15. A detergent composition comprising an alpha-amylase variant according to any of claims 1-7.

16. A detergent composition according to claim 15, which additionally comprises another enzyme such as a protease, a lipase, a peroxidase, a pectate lyase another amylolytc enzyme, glucoamylase, CGTase, mannanase, maltogenic amylase, and/or a cellulase.

17. A manual or automatic dishwashing detergent composition comprising an alpha-amylase variant according to any of claims 1-7.

18. A dishwashing detergent composition according to claim 17, which additionally comprises another enzyme such as a protease, a lipase, a peroxidase, a pectate lyase, an amylase, or another amylolytic enzyme, such as glucoamylase, CGTase, mannanase, maltogenic amylase and/or a cellulase.

19. A manual or automatic laundry washing composition comprising an alpha-amylase variant according to any of claims 1-7.

20. A laundry washing composition according to claim 19, which additionally comprises another enzyme such as a protease, a lipase, a peroxidase, a pectate lyase, an amylase, and/or another amylolytic enzyme, such as glucoamylase, CGTase, mannanase, maltogenic amylase and/or a cellulase.

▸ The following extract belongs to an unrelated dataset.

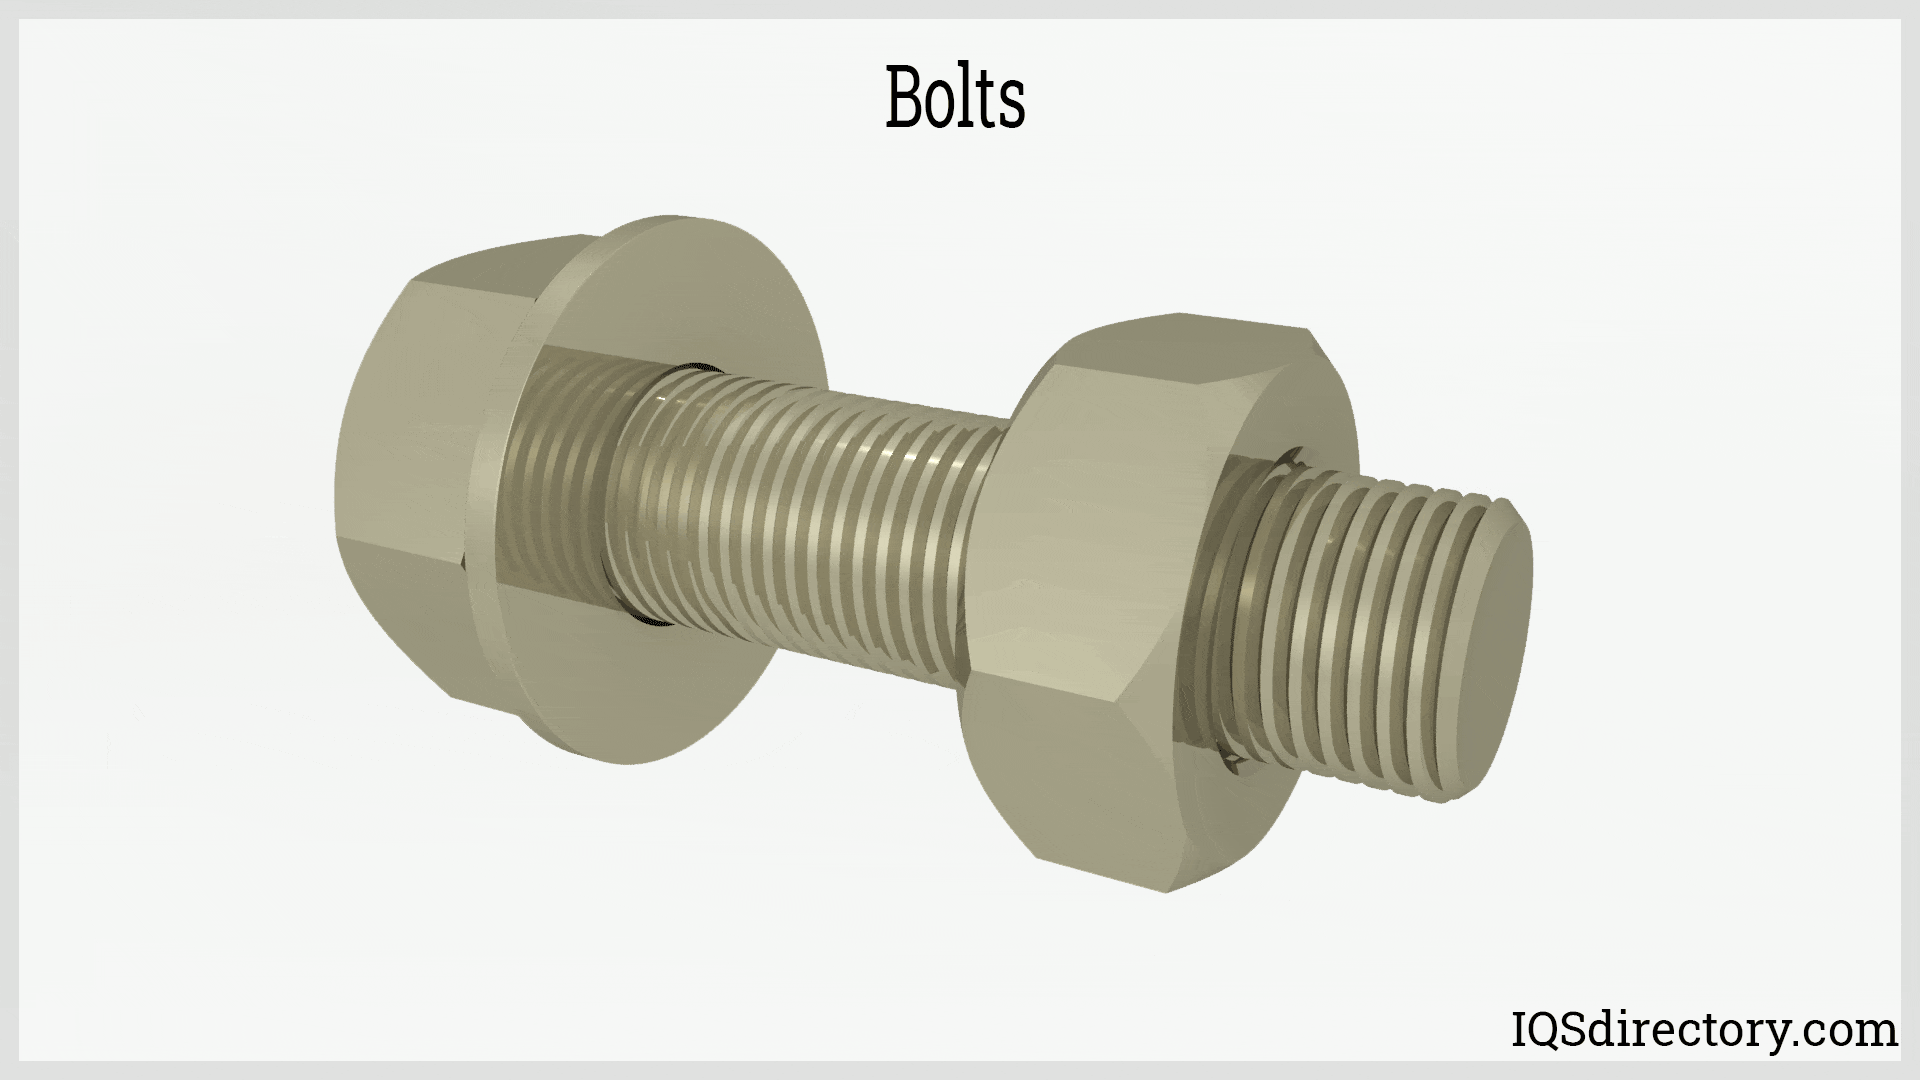 Types Of Bolts

21. Use of an alpha-amylase variant according to any one of claims 1-7 or a composition or an additive according to claims 12 to 20 for washing and/or dishwashing.

22. Use of an alpha-amylase variant according to any one of claims 1-7 or a composition or an additive according to claims 12 to 20 for textile desizing.

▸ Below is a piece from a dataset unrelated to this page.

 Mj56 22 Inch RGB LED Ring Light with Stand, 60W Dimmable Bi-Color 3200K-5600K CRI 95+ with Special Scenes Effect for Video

23. Use of an alpha-amylase variant according to any of claims 1-7 or a composition or an additive according to claims 12 to 20 for starch liquefaction.

24. Use,of an alpha-amylase variant according to any of claims 1-7 or a composition or an additive according to claims 12 to 20 for alcochol production, in particular ethanol production.